Paying it Forward — How BigQuery’s Data Ingest Breaks Tech Norms

BigQuery is an interesting service, deeply embedded into Google’s data center and networking technologies. As such, it’s a challenge for folks to grok BigQuery’s technical merits when comparing with most other technologies at a deeper level. Therefore, I’ll be profiling various aspects of BigQuery in a series of blog posts.

Today I’ll be talking about batch data ingest — the unique ways in which data ingest works in BigQuery, why it’s so so different, and why this matters in practice.

1. Batch Ingest Doesn’t Eat at Your Query Capacity

Data ingest demands resources — networking to transfer data, CPU and RAM to encrypt, convert, optimize, and compress the data, and IO to write the data to storage. In more traditional Big Data technologies like Redshift, Snowflake, and Hadoop, data ingest consumes resources deployed within the cluster. In fact, the more resources consumed, the faster the ingest.

Problem is that these CPU/RAM resources are often relatively expensive, and are otherwise devoted to analytics. So the more ingest you do, the less capacity you leave for analytics. In that sense, batch ingest costs are unpredictably conflated with analytics capacity. Managing resource and cost co-tenancy of ingest and analytics is a practical nightmare.

On the other hand, BigQuery’s batch ingest consumes resources that are entirely separate from query resources. That is, no matter how much data you ingest into BigQuery, your ability to execute SQL does not diminish one bit. Users are not footing the bill for these resources either — BigQuery believes in paying forward, as these up-front investments will come back later in the form of more storage and more analytics usage.

BigQuery under the hood. Notice how far the “Batch Load” and “Compute” boxes are from each other!

Thus when comparing ingest performance of BigQuery versus other technologies, it’s not enough to claim certain load performance given cluster size. A critical notion must be included — resource cost. After all, what use is a comparison of ingest mechanisms if they only measure how well your database gets to 100% utilization for the sole purpose of loading data?

Which brings us to…

2. Batch Ingest is Free

We now have the prerequisite background to make a bold claim. Unlike every other technology out there, BigQuery’s batch load mechanism is entirely free.

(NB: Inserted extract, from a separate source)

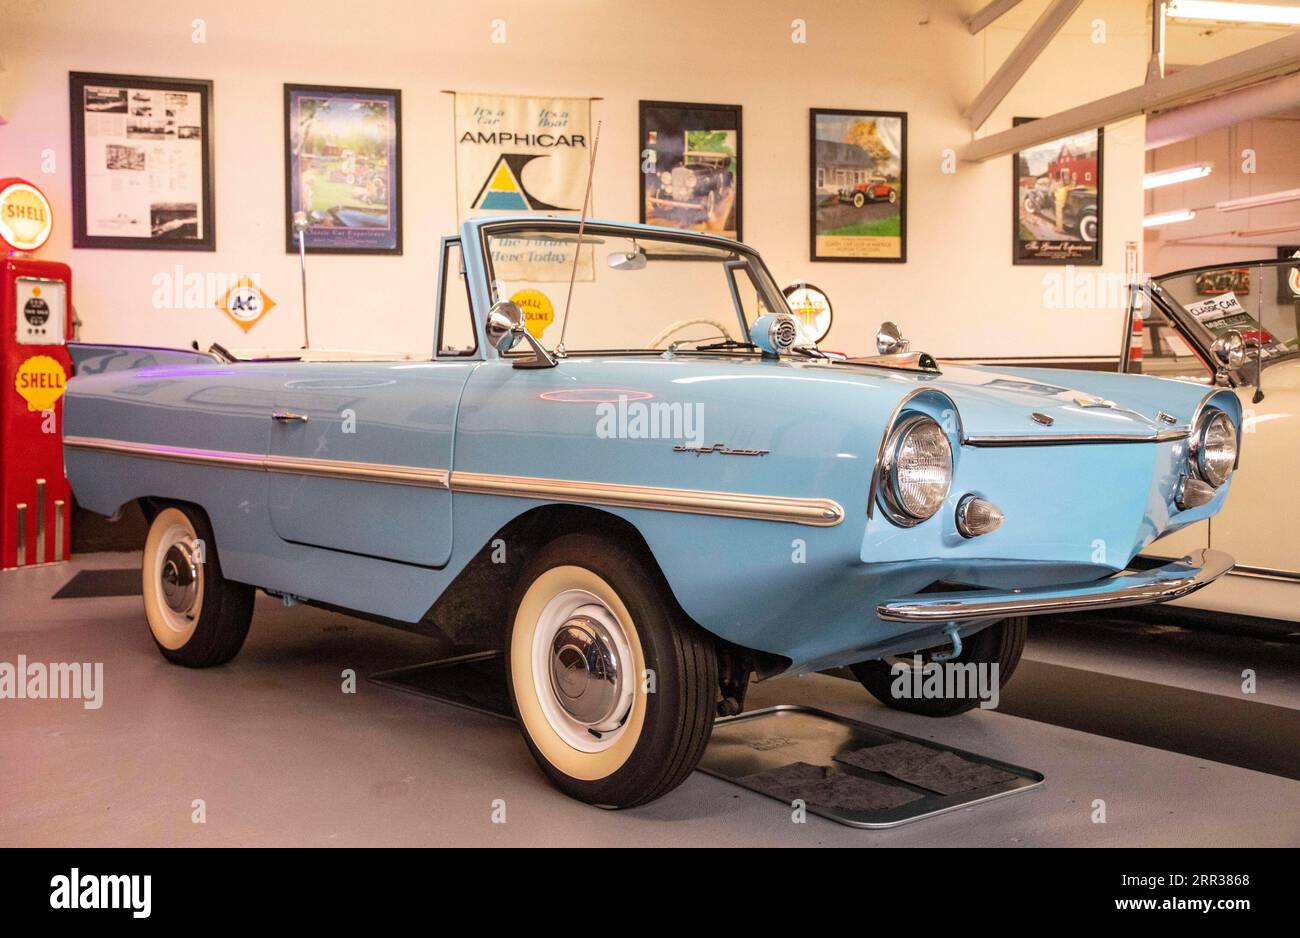 201026 -- CHICAGO, Oct. 26, 2020 -- A 1964 Amphicar 770 Convertible is seen at Klairmont Kollections in Chicago, Illinois, the United States, on Oct. 25, 2020. Klairmont Kollections is a private car collection museum with an assemblage of over 300 vehicles. Photo by /Xinhua U.S.-CHICAGO-KLAIRMONT KOLLECTIONS JoelxLerner PUBLICATIONxNOTxINxCHN Stock Photo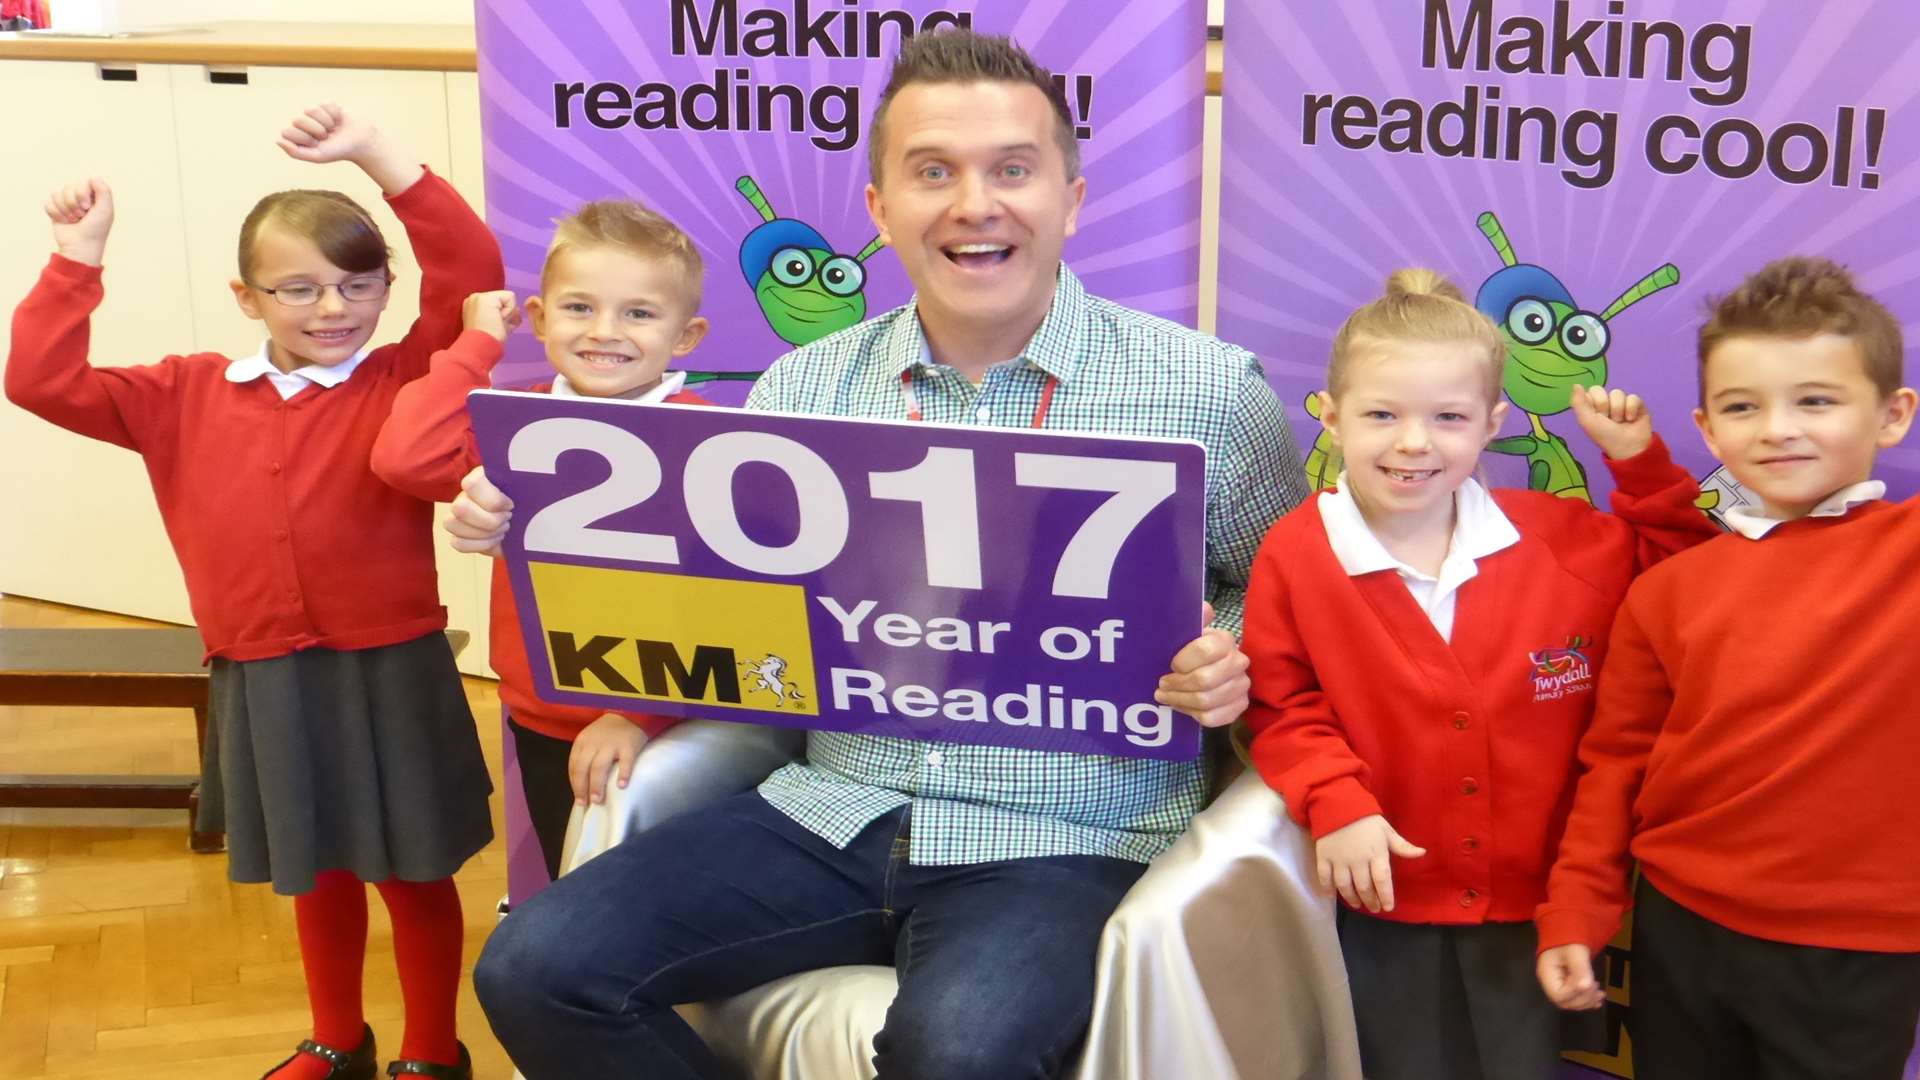 Phil Gallagher - Mister Maker - joins Cherry Class pupils Lucy Tindall, Noah Watkins, Maizie Collins and Kaya Olgunat at Twydall Primary to launch KM's Year of Reading campaign

We established that other technologies ask users to finance ingest through cluster cost itself. This is very difficult to quantify, especially since the clusters are generally assumed to finance query operations primarily (and storage, if there’s no separation of compute and storage, ala Redshift). In case of some newcomers like Athena, ingest is financed through production and data management overhead of creating and maintaining files on S3.

This point bears repeating — BigQuery’s batch ingest is free.

3. Batch Load Operations are Atomic

This is a subtle luxury of BigQuery’s data load mechanism — if your load fails, 100% of it fails. There is no clean up necessary — simply retry or troubleshoot the load job. Likewise, there’s no race conditions or rows-in-flight. When a BigQuery load reports success, 100% of it succeeds all at once. These things really count in practical scenarios.

4. BigQuery Burns a Lot of CPU and RAM During Load

We’ve discussed that BigQuery load doesn’t use CPU and RAM resources dedicated to query capacity. However, behind the scenes BigQuery does leverage lots of CPU and RAM resources to load data in the most optimal way possible. BigQuery’s Capacitor storage format does a whole lot of data profiling and opinionated optimization, not only on load, but continuously thereafter. All this complexity is hidden from the end user and is entirely managed by Google.

5. Batch Ingest is Virtually Unlimited

Because BigQuery’s load path is entirely free, BigQuery does have some sensible quotas and limits. By default, a customer should be able to ingest dozens of Terabytes per day.

That said, some BigQuery customers ingest well over a Petabyte of data per day. As with every shared free resource, you just need to talk to us before you do this :)

6. Federated Query is Paid Batch Ingest

BigQuery is able to query data directly from GCS. This query path carries typical query costs.

That said, if you write out results of a BigQuery-on-GCS query to BigQuery itself, you get the equivalent of a system that you’re subject to — paid batch ingest. This is a great way to burst your loads beyond the regular load controls.

Conclusion

Relying primarily on Google’s Dremel and Colossus, and connected through Borg orchestration and the Petabit Jupiter network, BigQuery’s architecture is a little unique.

As a result, BigQuery’s attributes are often misunderstood. On bulk ingest path, BigQuery is different in several ways:
- Ingest does not compromise query capacity
- Ingest is entirely free
- Ingest operations are atomic
- BigQuery auto-optimizes your data on loads, and continuously afteerwards
- BigQuery’s batch ingest scales to Petabytes per day
- BigQuery’s query-on-GCS model acts as very fast paid ingest

Hopefully you find each and every one of the above words useful. Next up, I’ll cover concurrency and multi-tenancy. Hint — pipelined execution is the next big thing in Big Data!